[[ Dataset excerpt, beginning ]]

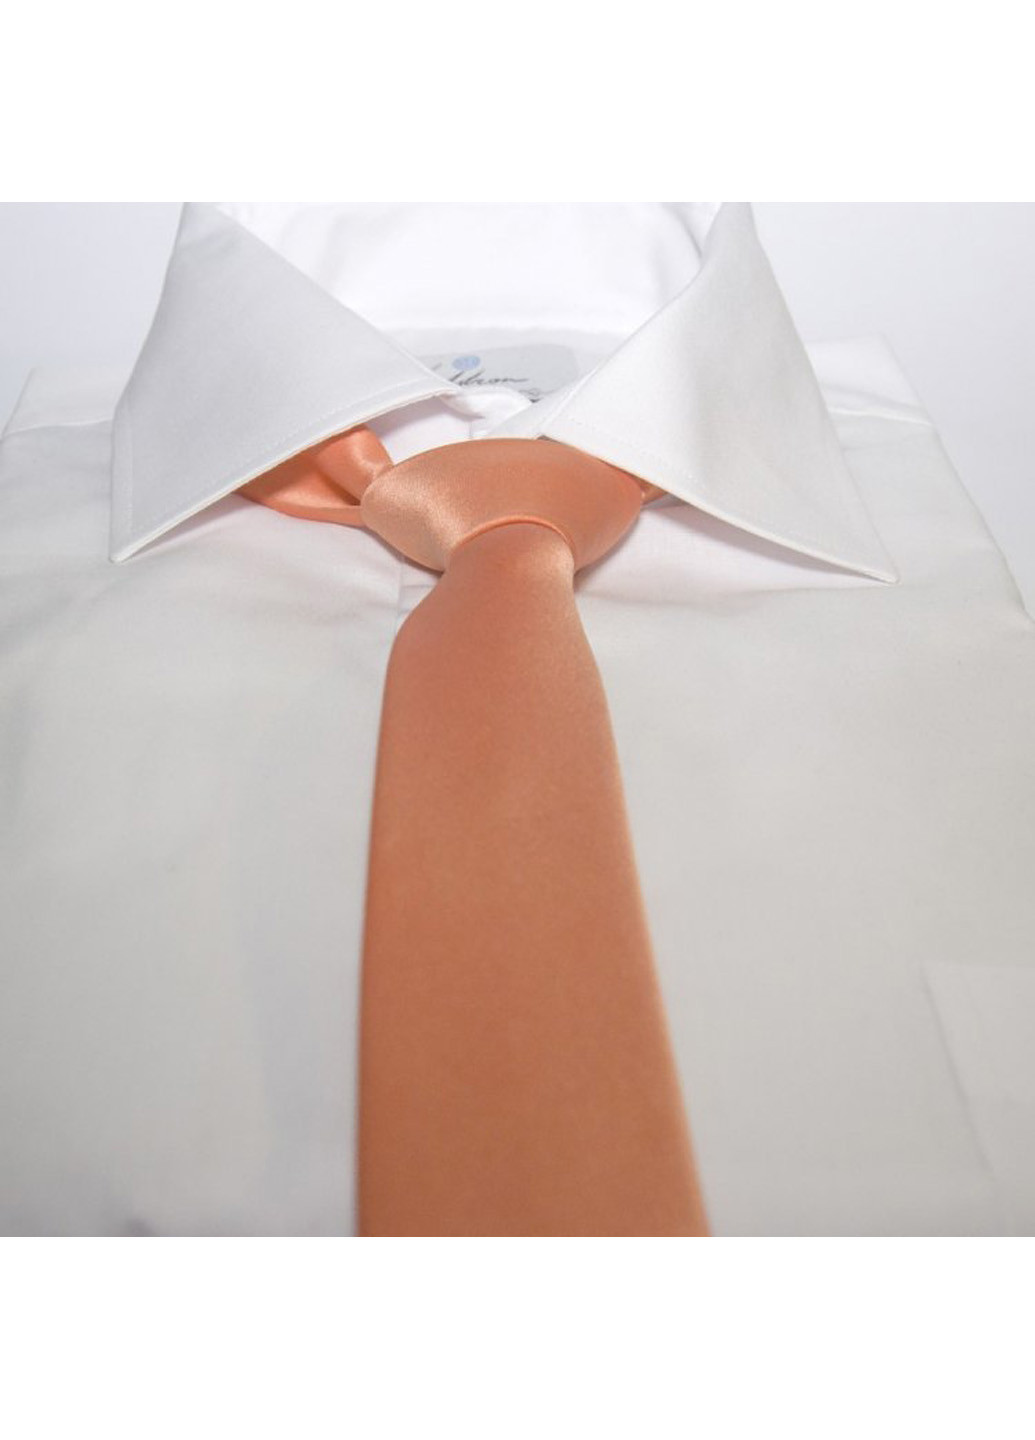 Мужской галстук 5 см Handmade (191127596)
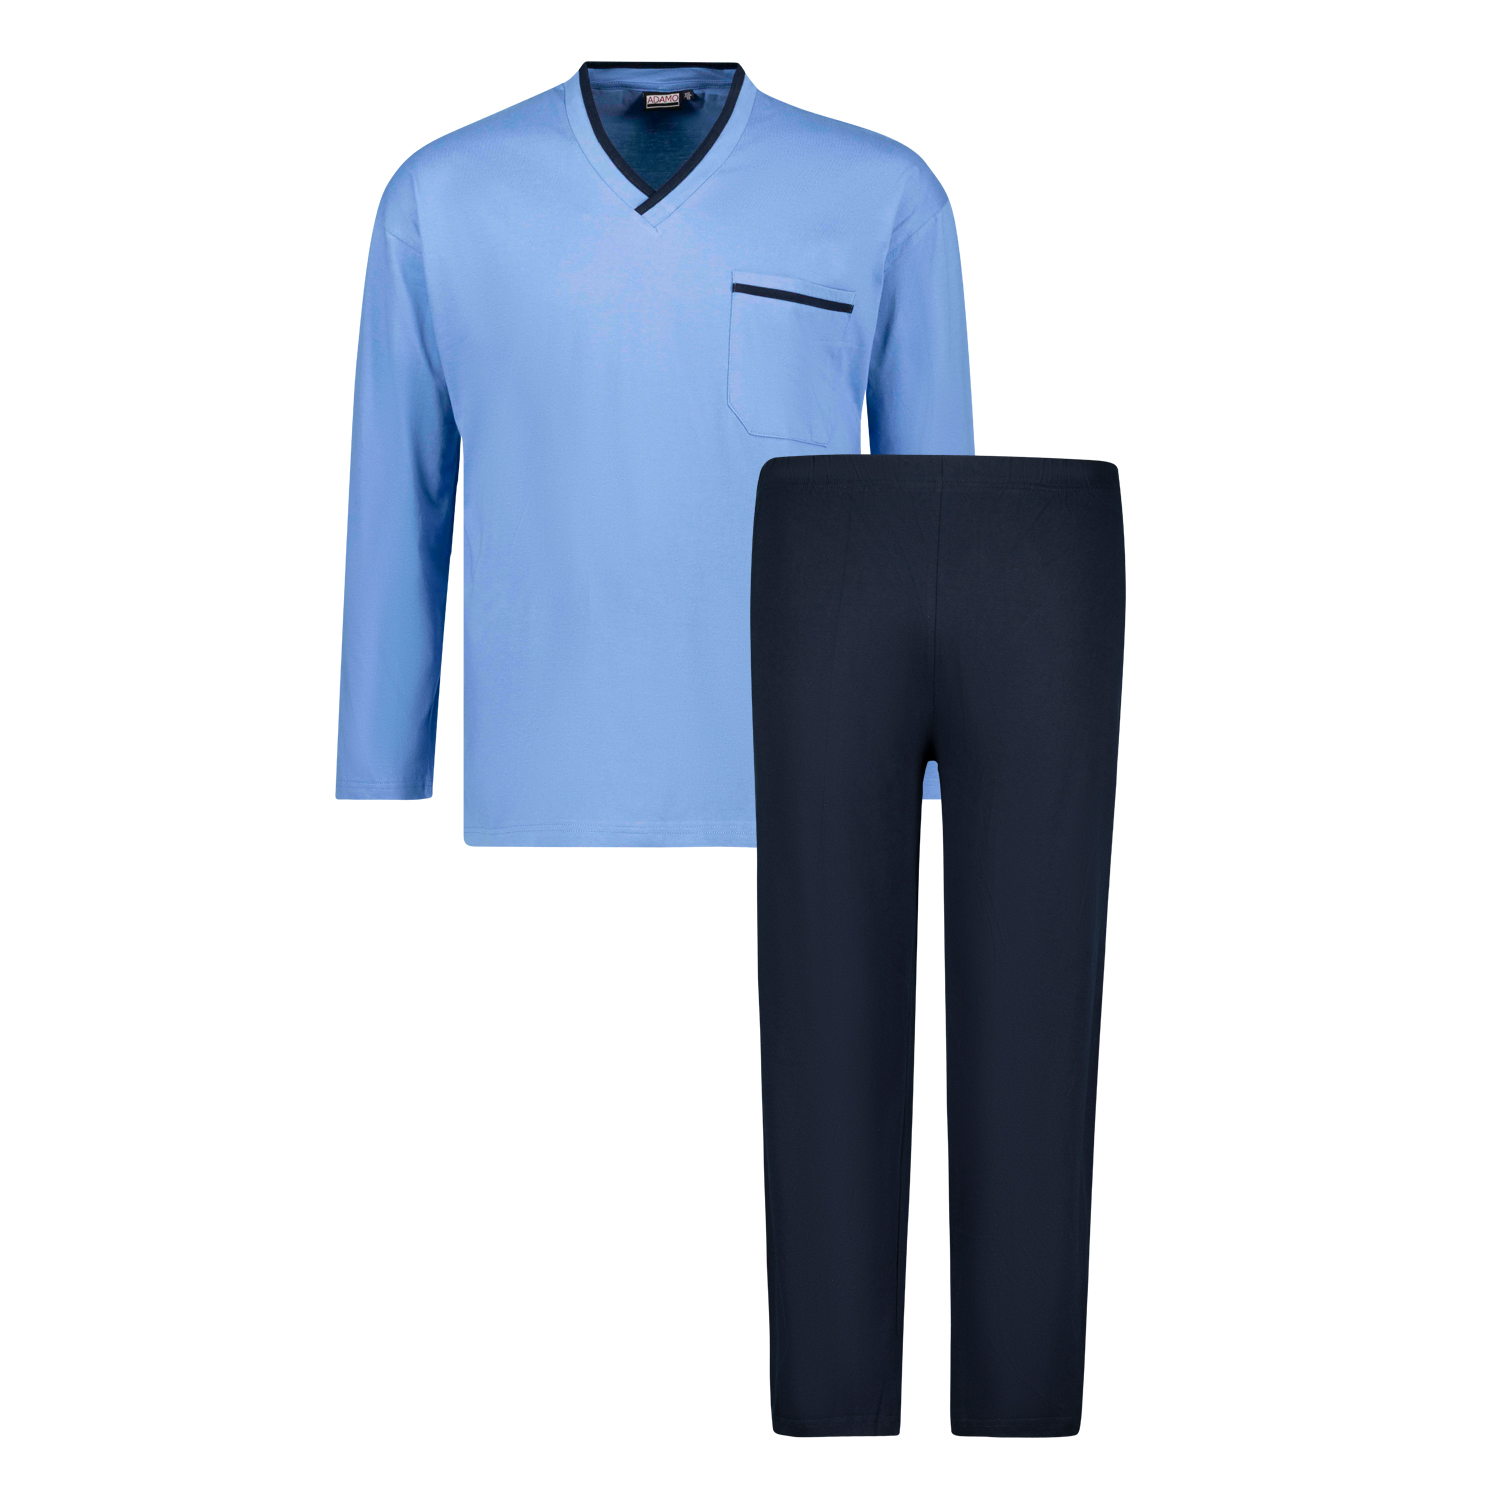 Long pyjama in light blue by Adamo in oversizes 2XL-10XL and 98-122
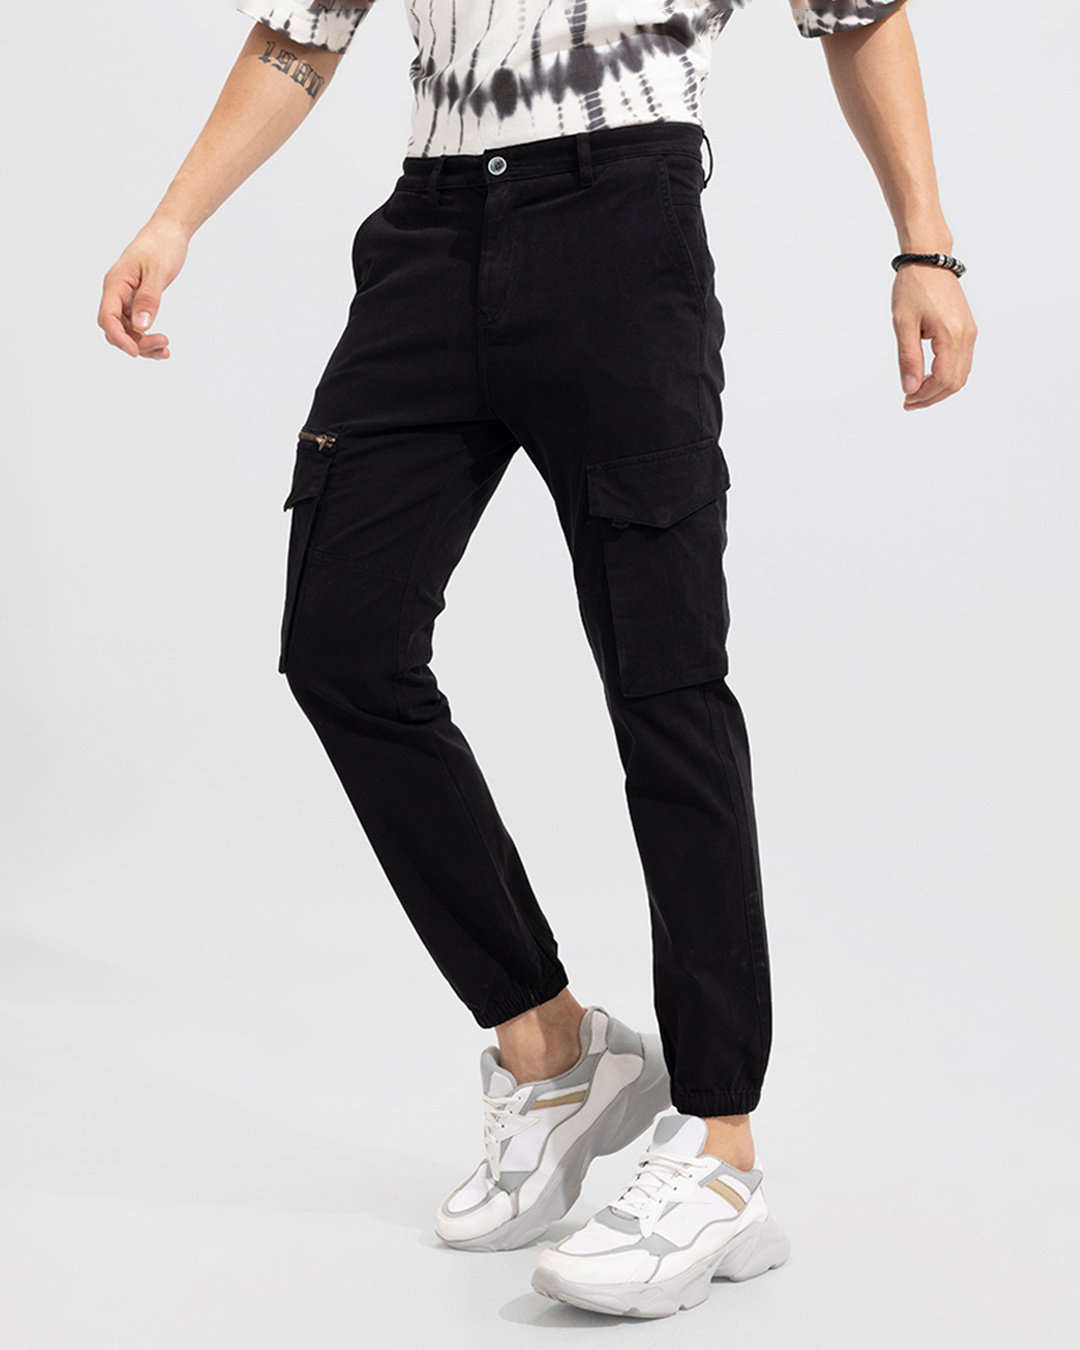 Buy Black Trousers  Pants for Women by SUPERDRY Online  Ajiocom

[[ Dataset excerpt, end ]]

What you should do: Locate "Long pyjama in" in the listing above, then print exactly the lines from that line through the final one, omitting all pictures.

Result of this task:
 Long pyjama in light blue by Adamo in oversizes 2XL-10XL and 98-122
 Buy Black Trousers  Pants for Women by SUPERDRY Online  Ajiocom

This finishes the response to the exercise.